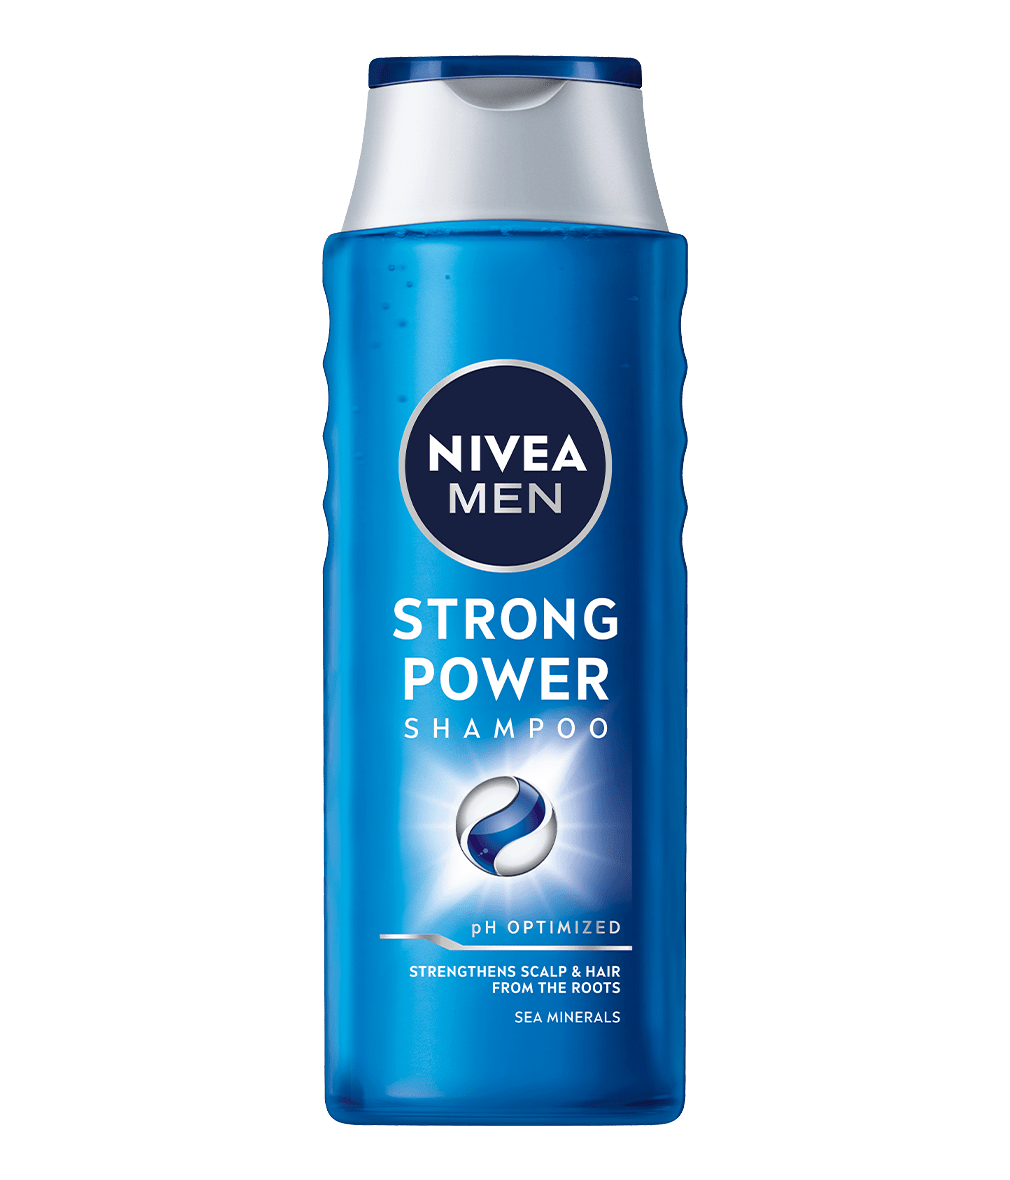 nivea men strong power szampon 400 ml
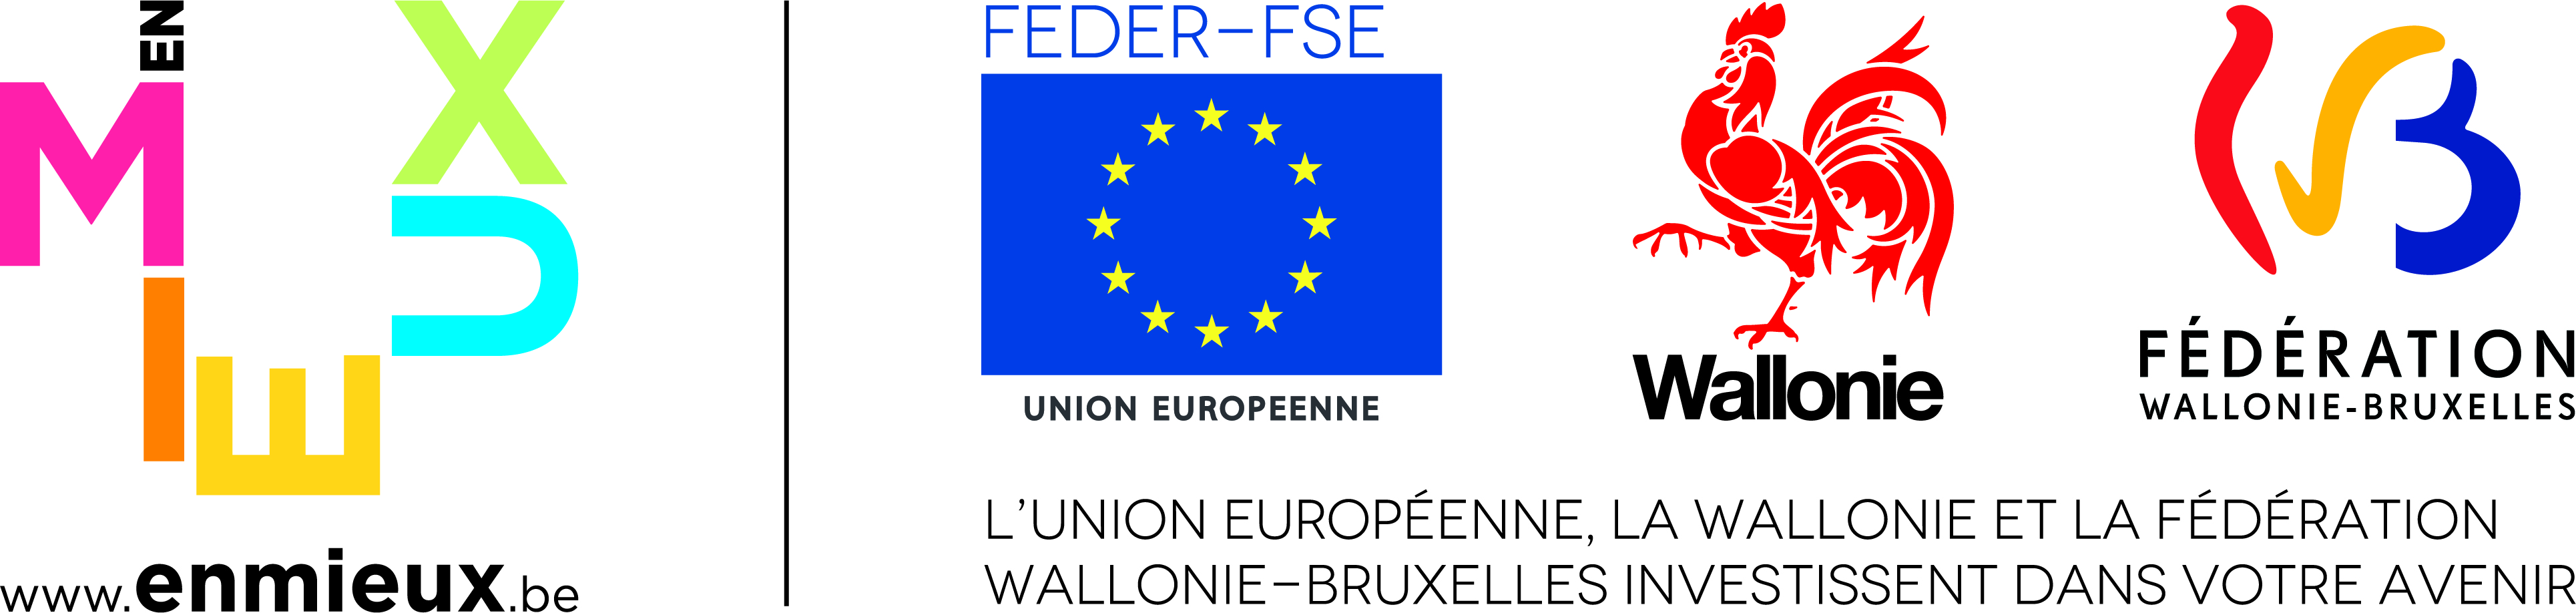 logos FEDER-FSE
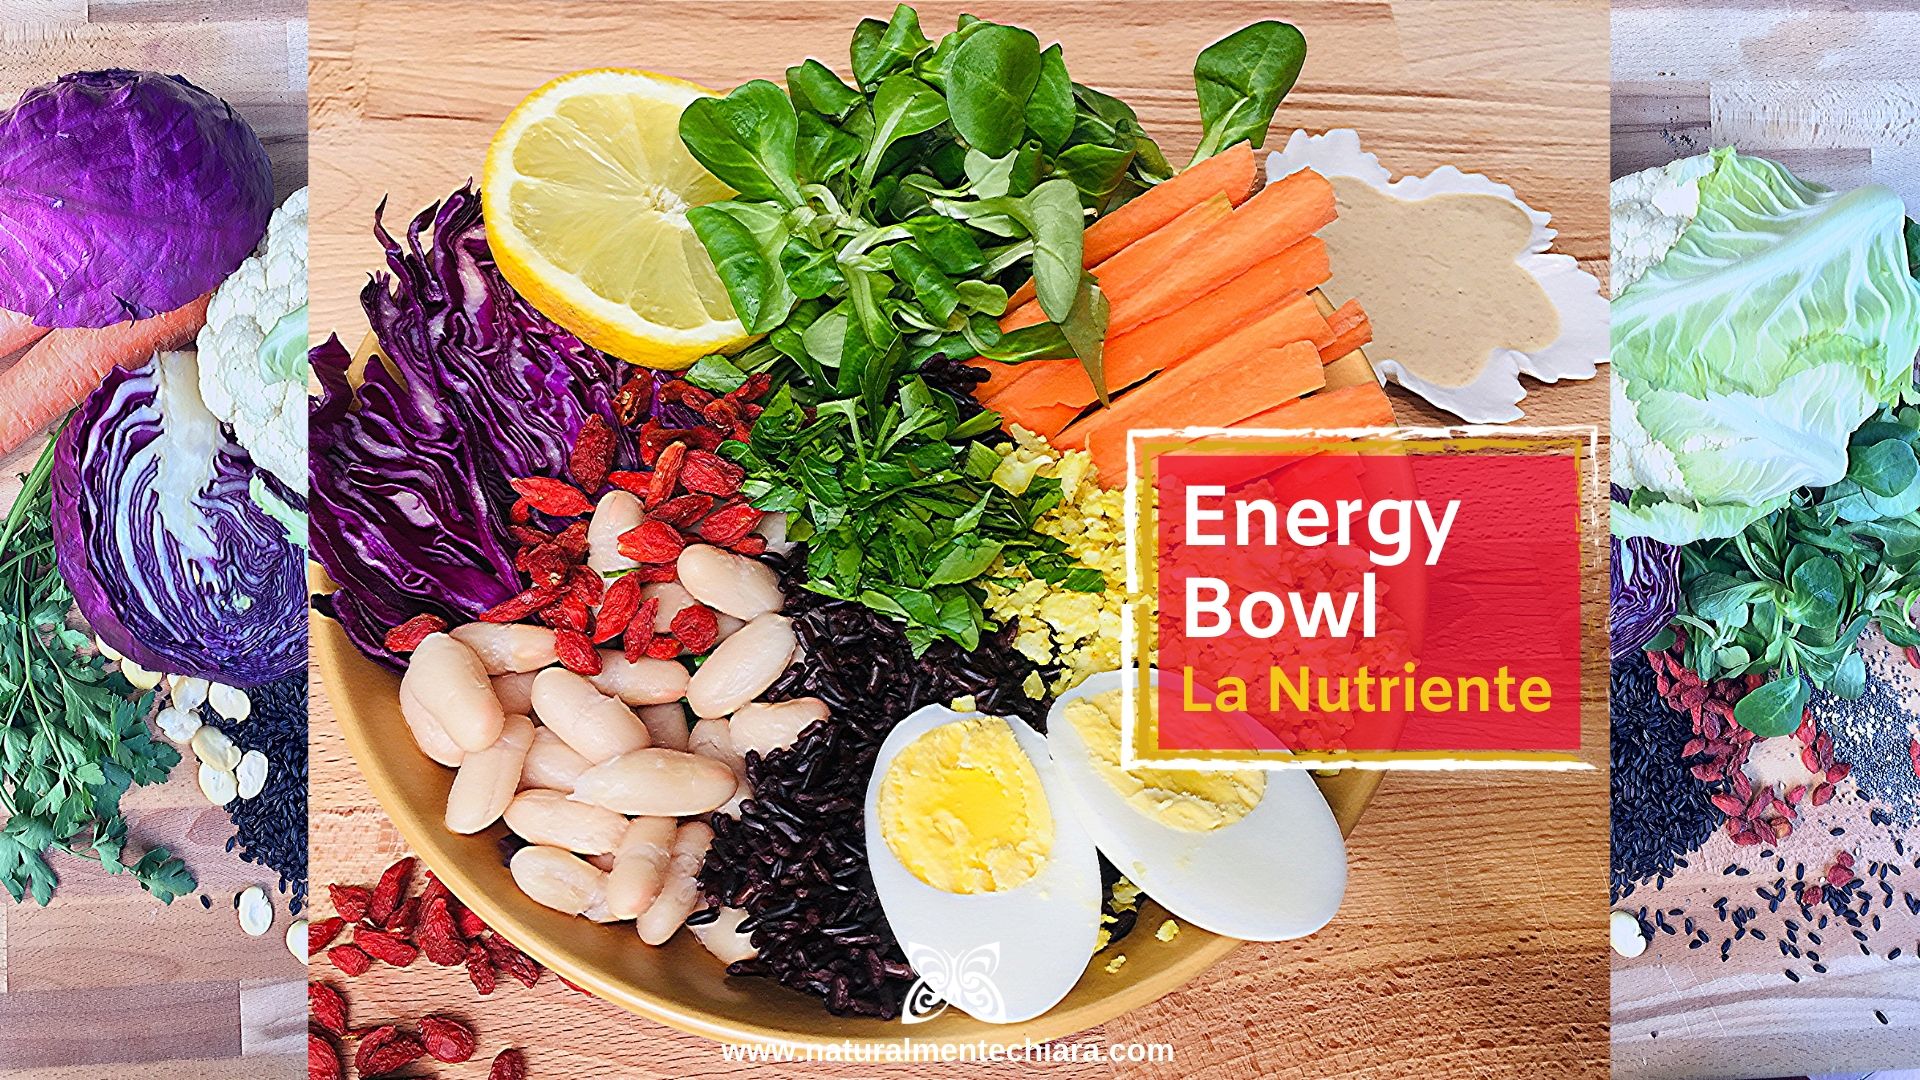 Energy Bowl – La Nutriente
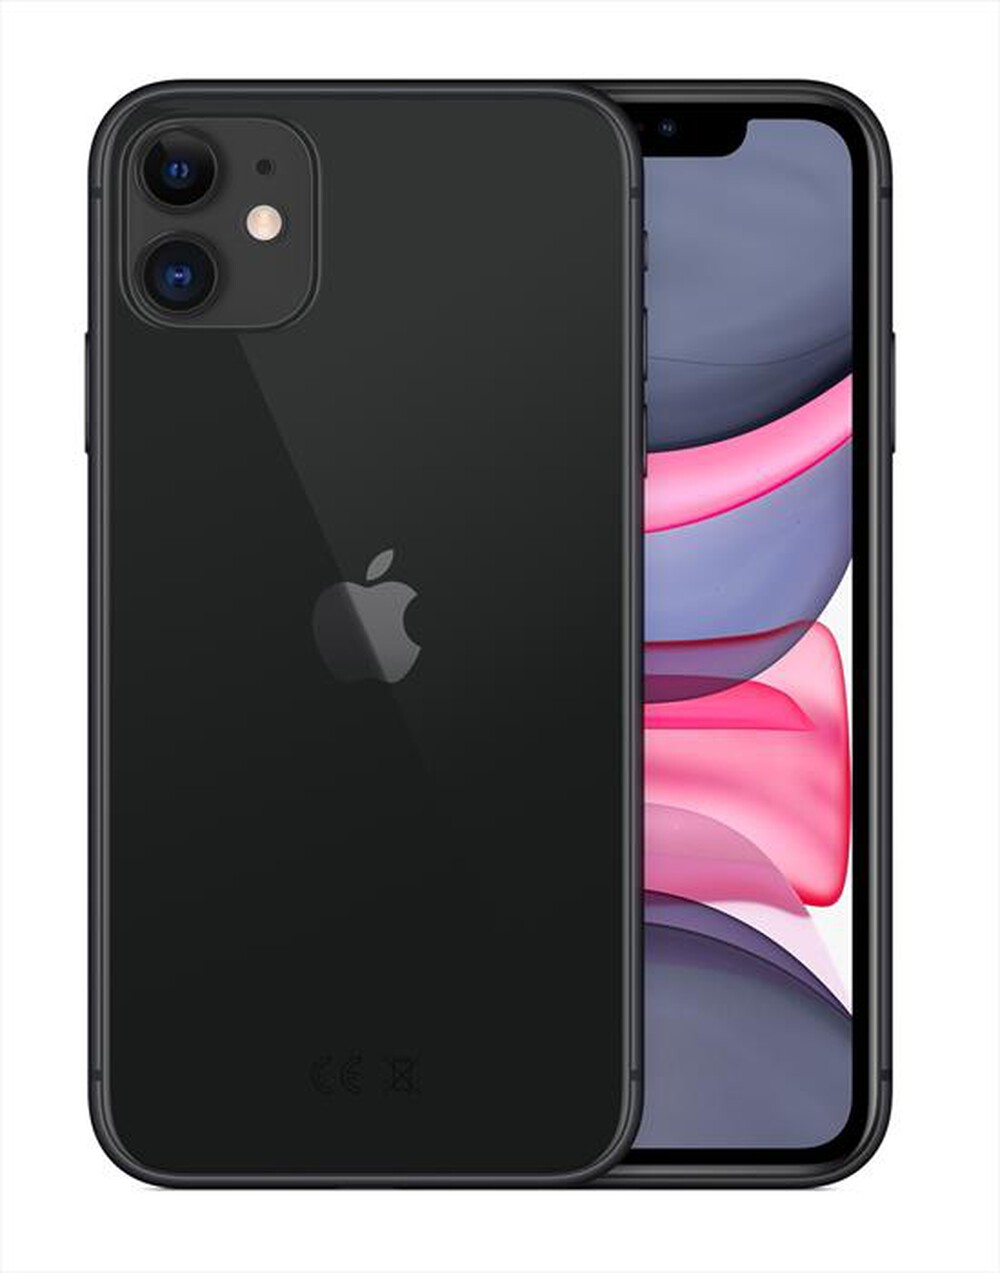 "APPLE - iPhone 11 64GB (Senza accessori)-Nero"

• Work required: Set down the data exactly as it appears, without any images.

• Answer section:
 nivea men strong power szampon 400 ml
 logos FEDER-FSE
 Energy Bowl – La Nutriente
 "APPLE - iPhone 11 64GB (Senza accessori)-Nero"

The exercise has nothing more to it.